Some authors have recently tackled the relationship between individual level and sample level effects. To this end, for example, Miller and Schwarz (2018) have proposed interrogating null results in ANOVA designs more closely to determine whether the null effect exists in all participants, or whether some people in the sample show an effect. This approach has also been advocated by Smith and Little (2018). Miller and Schwarz describe a new method for examining interactions in ANOVAs to achieve this goal, whereas Smith and Little propose a small-n approach in which the number of people showing an effect is an explicit object of investigation. Although both approaches are suggestions in what we think is the right direction, these authors focused on null results. But what of non-null results, which are the majority of those published (Nosek et al., 2012; Ioannidis et al., 2014; Ferguson, 2015; Smaldino and McElreath, 2016)? We reiterate that it is just as important to examine carefully the pattern of individual effects underlying any sample effect.

Individual Differences Research

A predictable response to the issues we have highlighted here is to say that there is a long tradition in Psychology of examining individual differences (Cronbach, 1957; Underwood, 1975). Certainly a great deal of research has been reported regarding the effects on behavior and performance of variables such as intelligence (e.g., Côté and Miners, 2006), personality (e.g., Neuman and Wright, 1999), working memory capacity (WMC) (e.g., Van Merriënboer and Sweller, 2005) and age (e.g., West et al., 1992). In the main, such research involves examining the effects of such variables as correlations with some measure of behavior, leading to such statements as “the greater someone’s WMC, the greater their capacity for performing mental arithmetic.” But is this really examining individual differences in a way that would uncover whether individuals within a group are different from each other, and the nature of such differences?

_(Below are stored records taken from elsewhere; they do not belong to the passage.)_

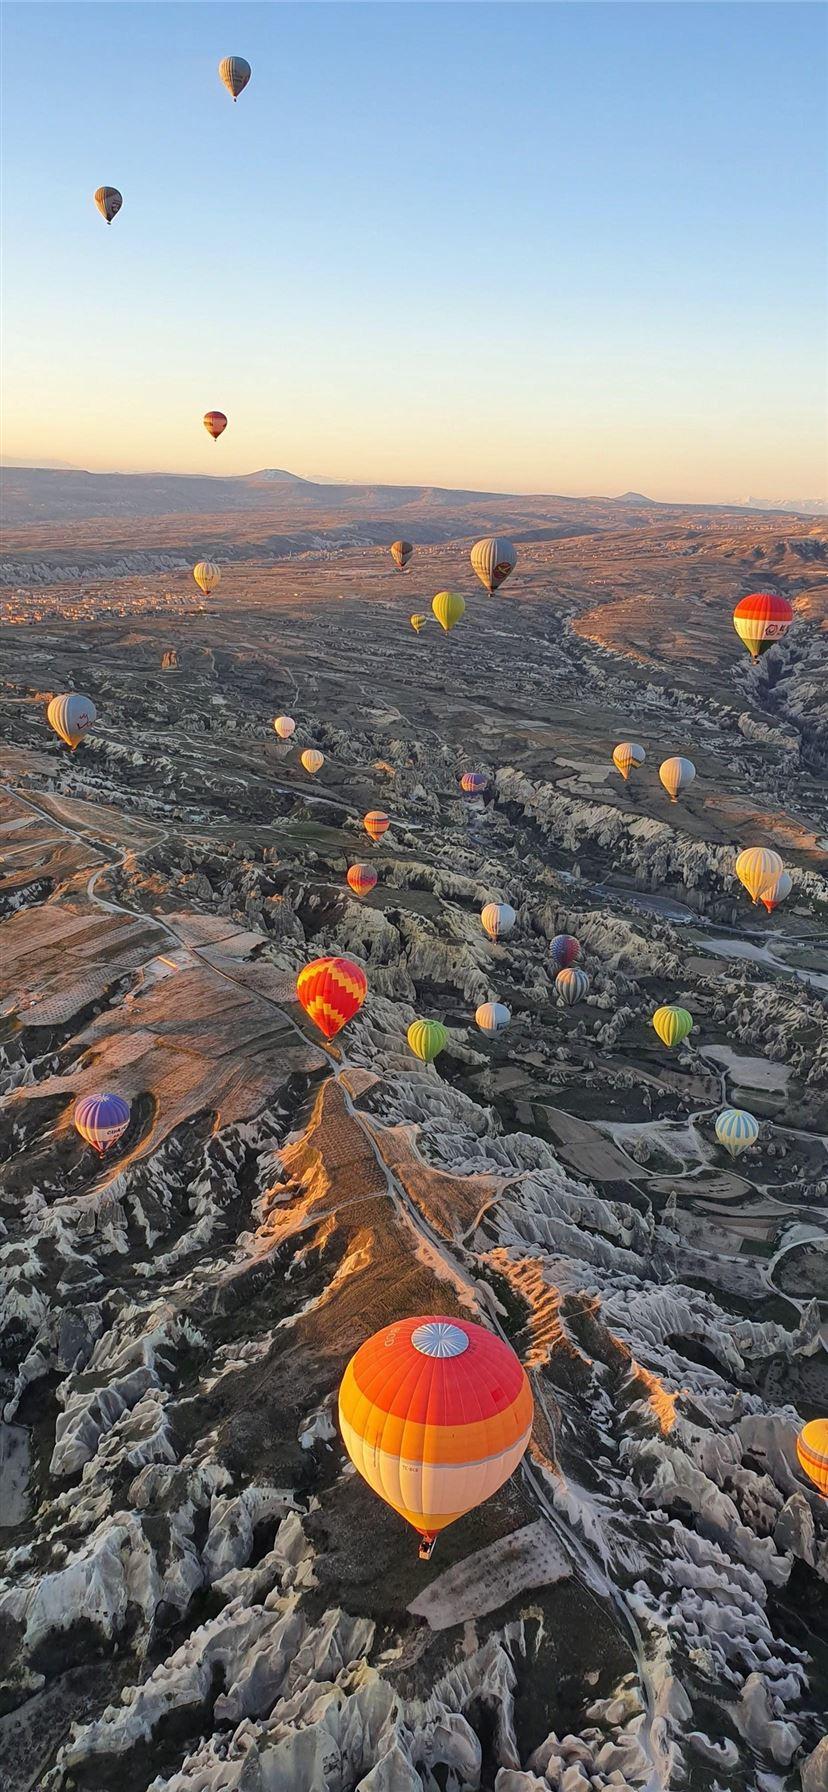 Hot Air Ballooning Taken On S10 Cappadocia Turkey Iphone 11 Wallpapers Free Download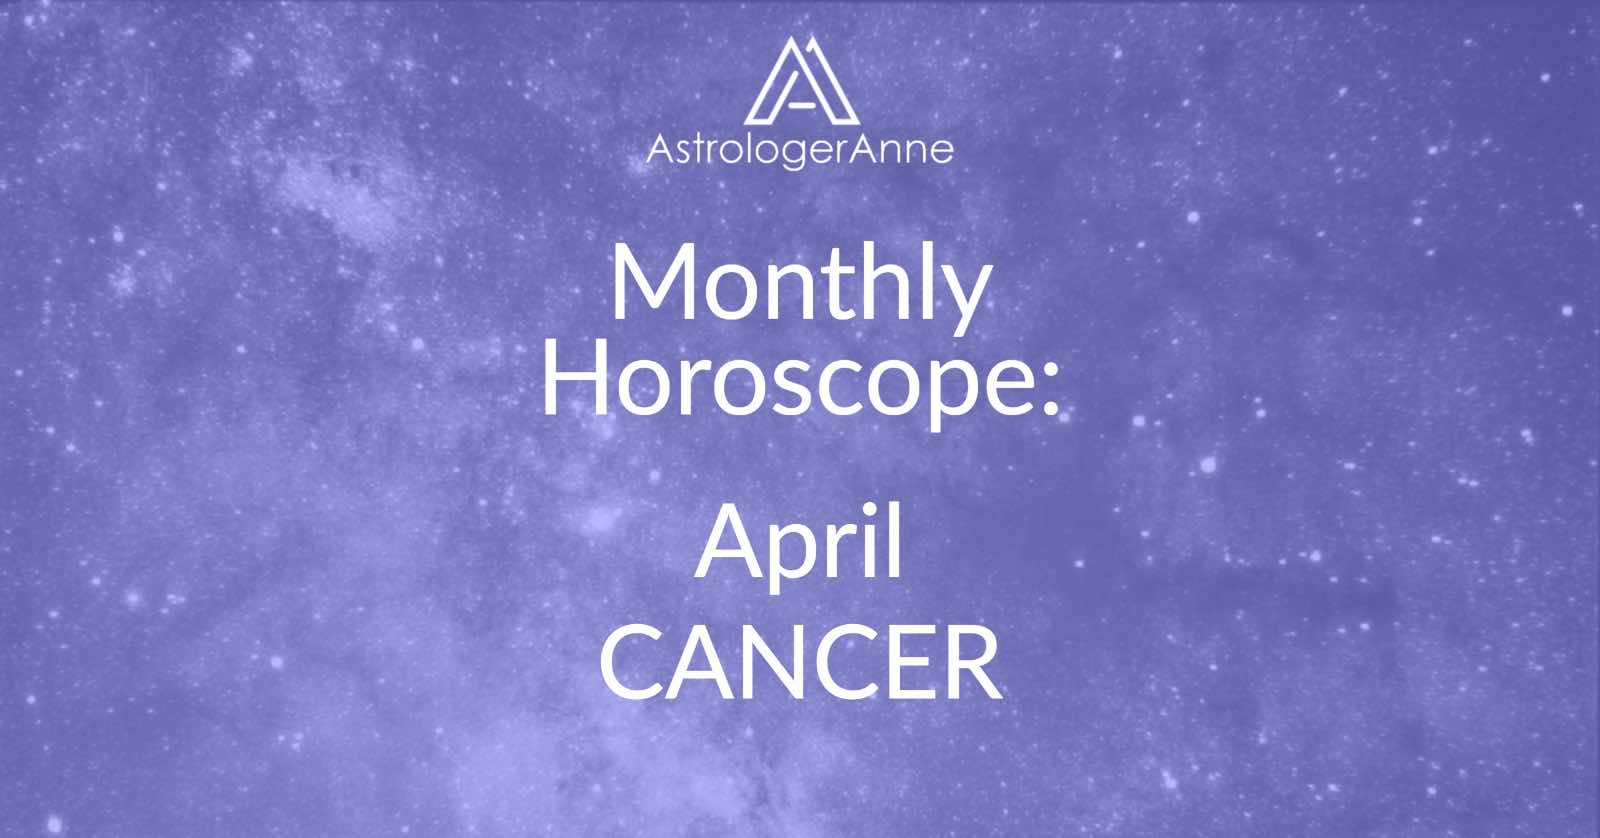 4292e7580 Monthly horoscope for Cancer zodiac sign, April 2019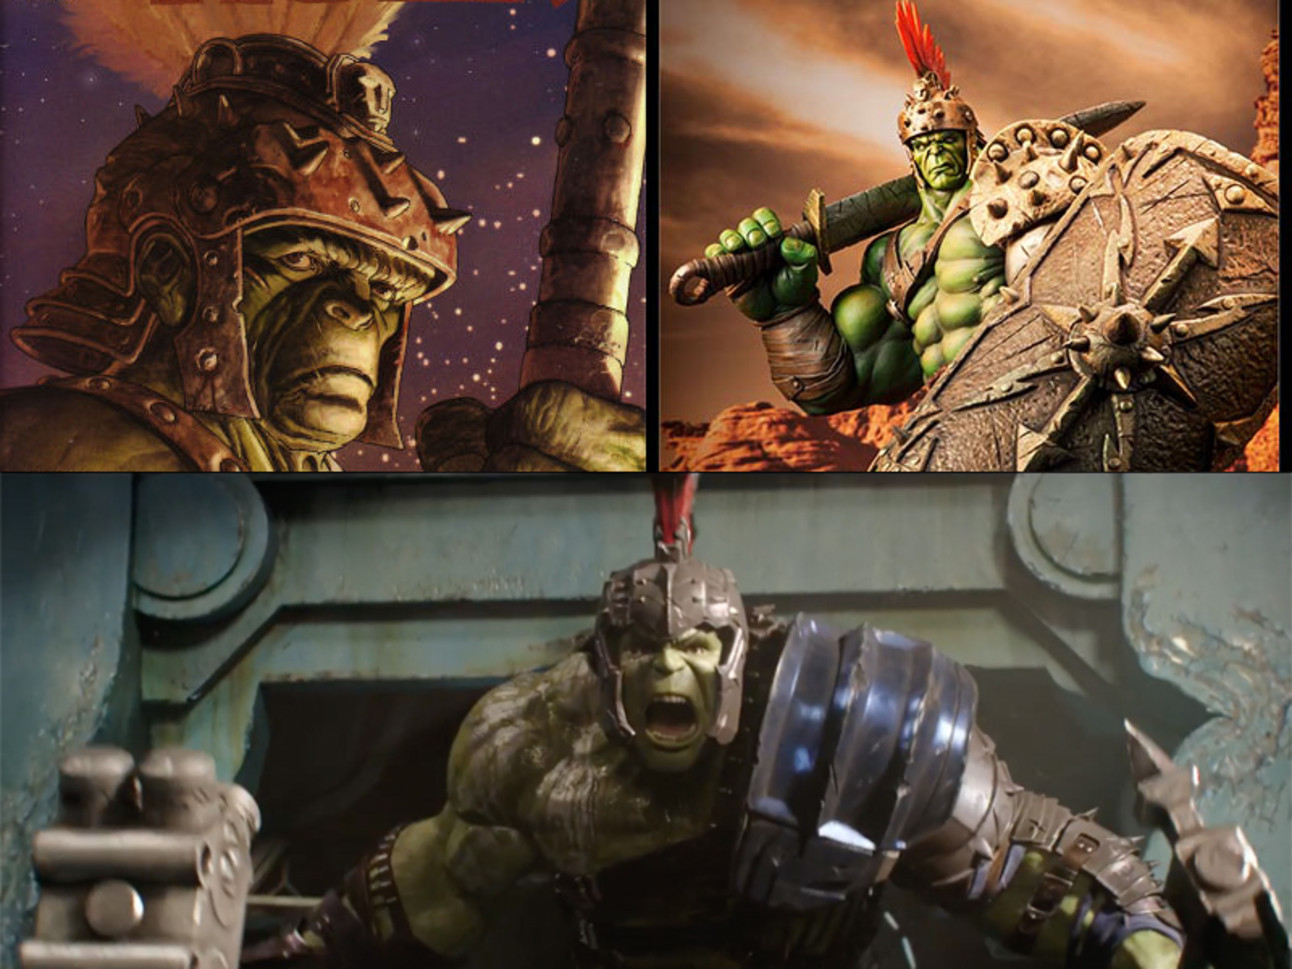 10-gladiator-hulk-comics-thor-ragnaraok.jpg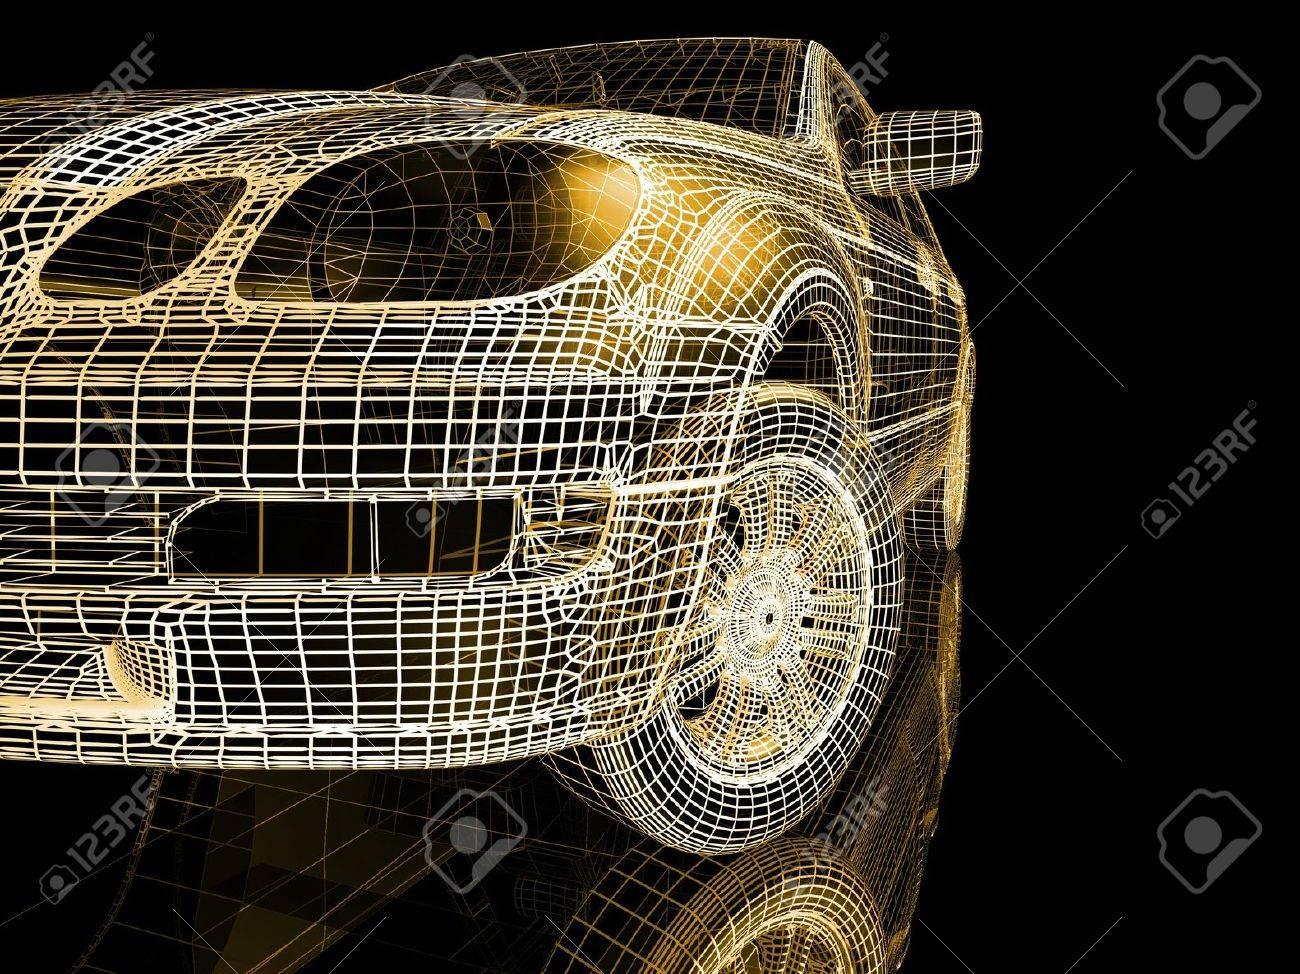 Car model Stock Photo - 7345827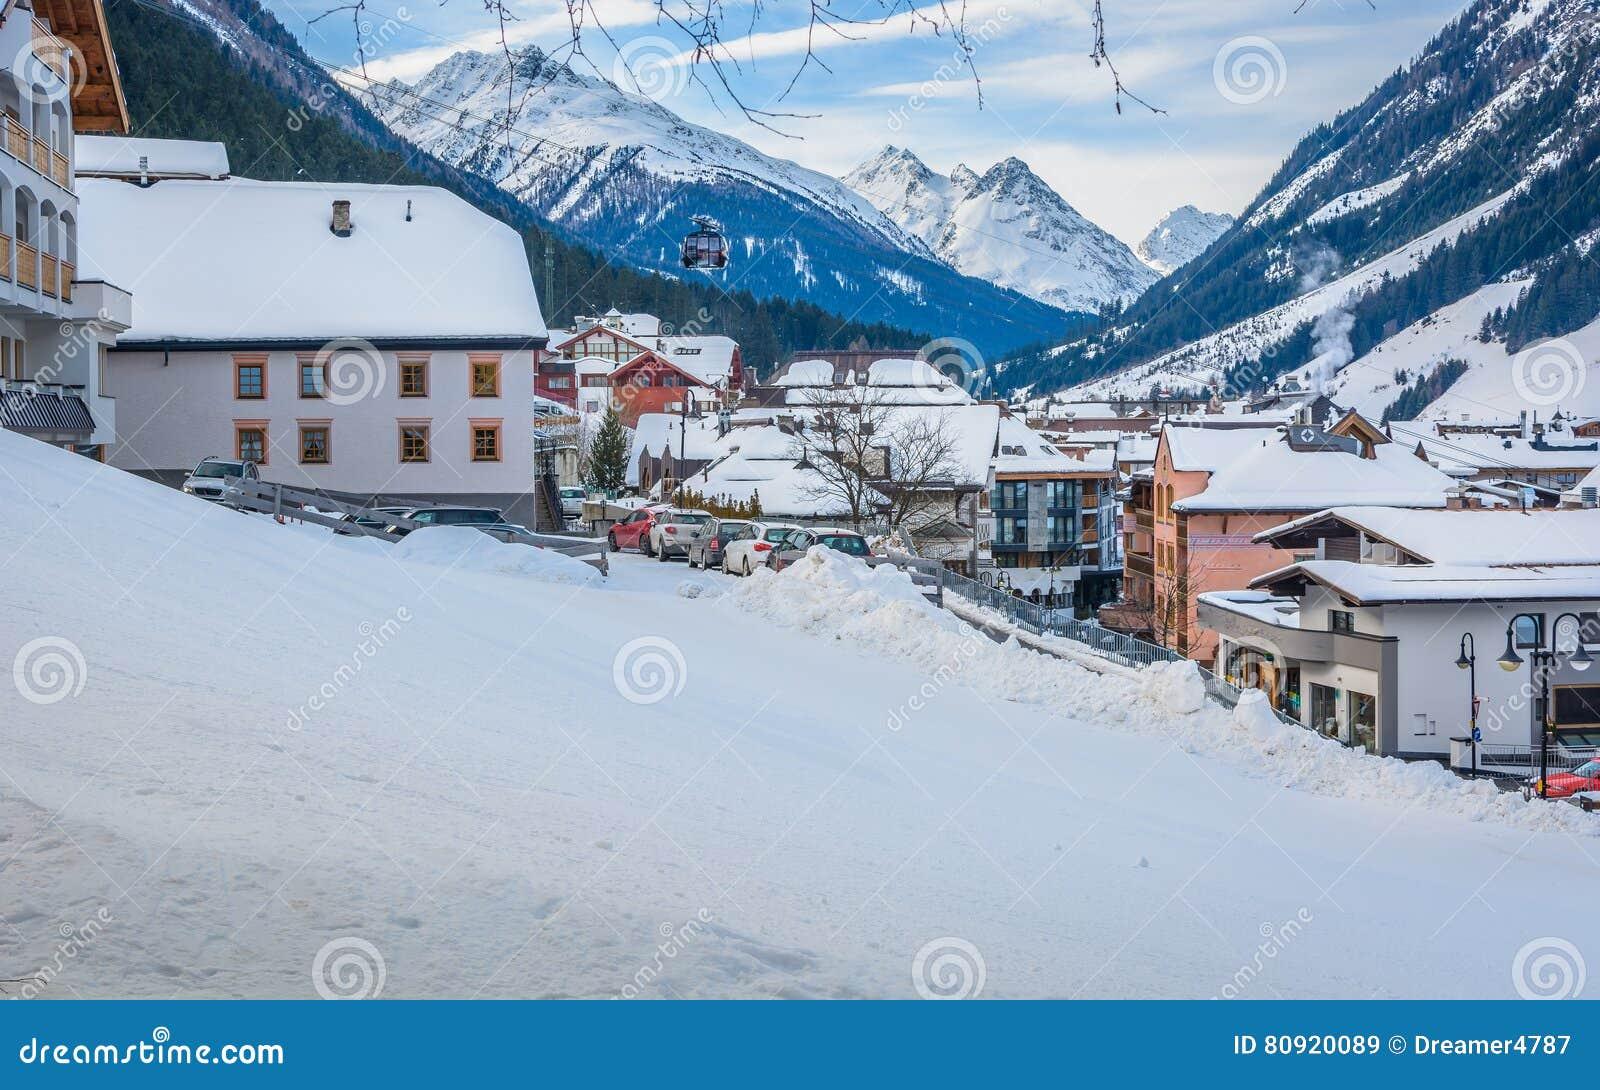 Ischgl skii resort in Austria, Europe.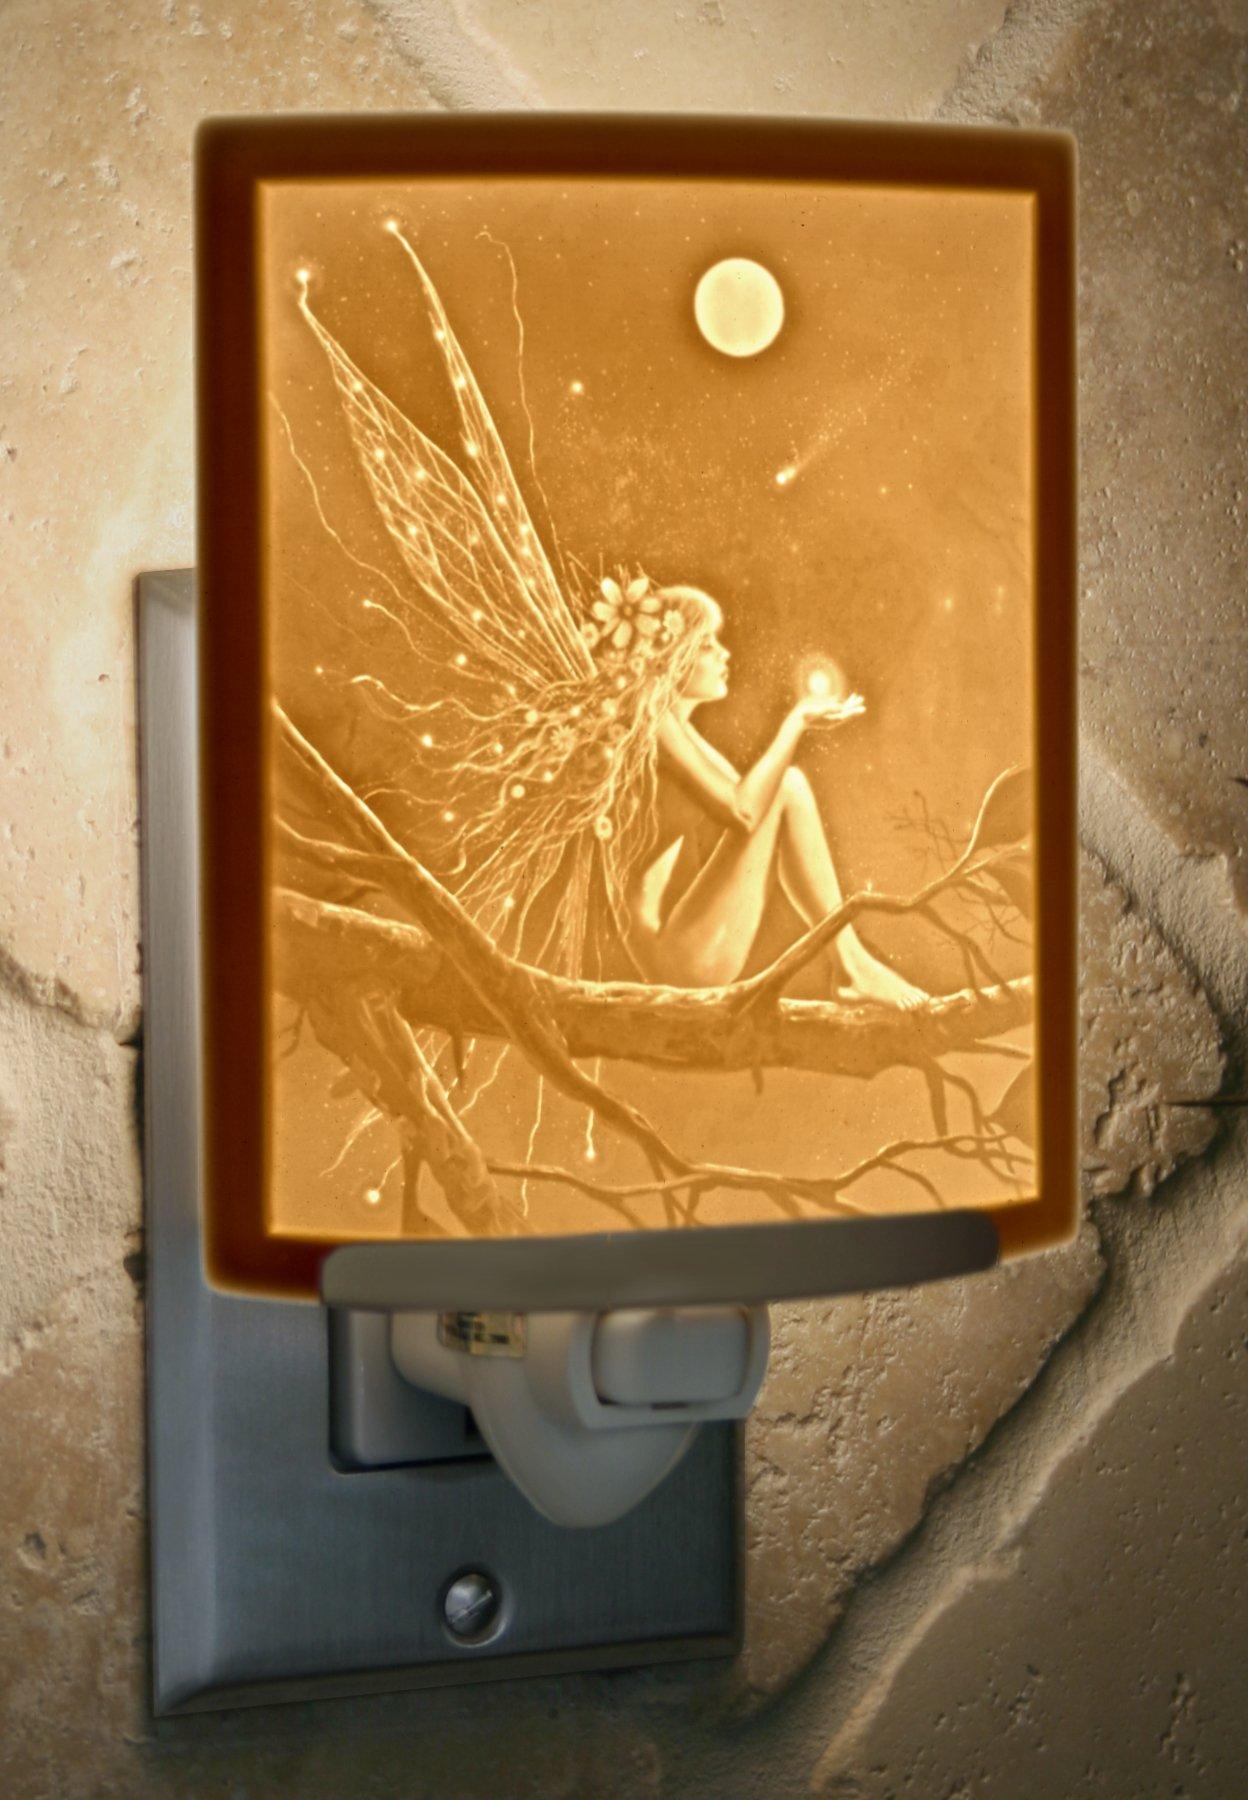 Catch a Falling Star by David Delamare Porcelain Lithophane Night Light by The Porcelain Garden (Image #2)

Consider the type of data that are collected to perform such a correlational analysis. To examine the WMC/mental arithmetic relationship, for instance, a researcher need only obtain a measure of WMC and a measure of mental arithmetic performance from each person in a sample. Thus each person would contribute a pair of numbers to the calculation of the correlation estimate. On the basis of the whole sample of such pairs, the extent to which the two variables are related could be determined. Thus, some sort of relationship between the variables might be discovered (if one exists), such as large values in one variable are associated with large values in the other variable. Typically this would suggest that a systematic relationship between the two variables has been discovered, which could be used to characterize the original data set, or possibly to make predictions about the performance of other samples. A correlation coefficient may be used to characterize this relationship, however, a scatterplot provides a far more informative representation of the relationship across all measured values of the variables.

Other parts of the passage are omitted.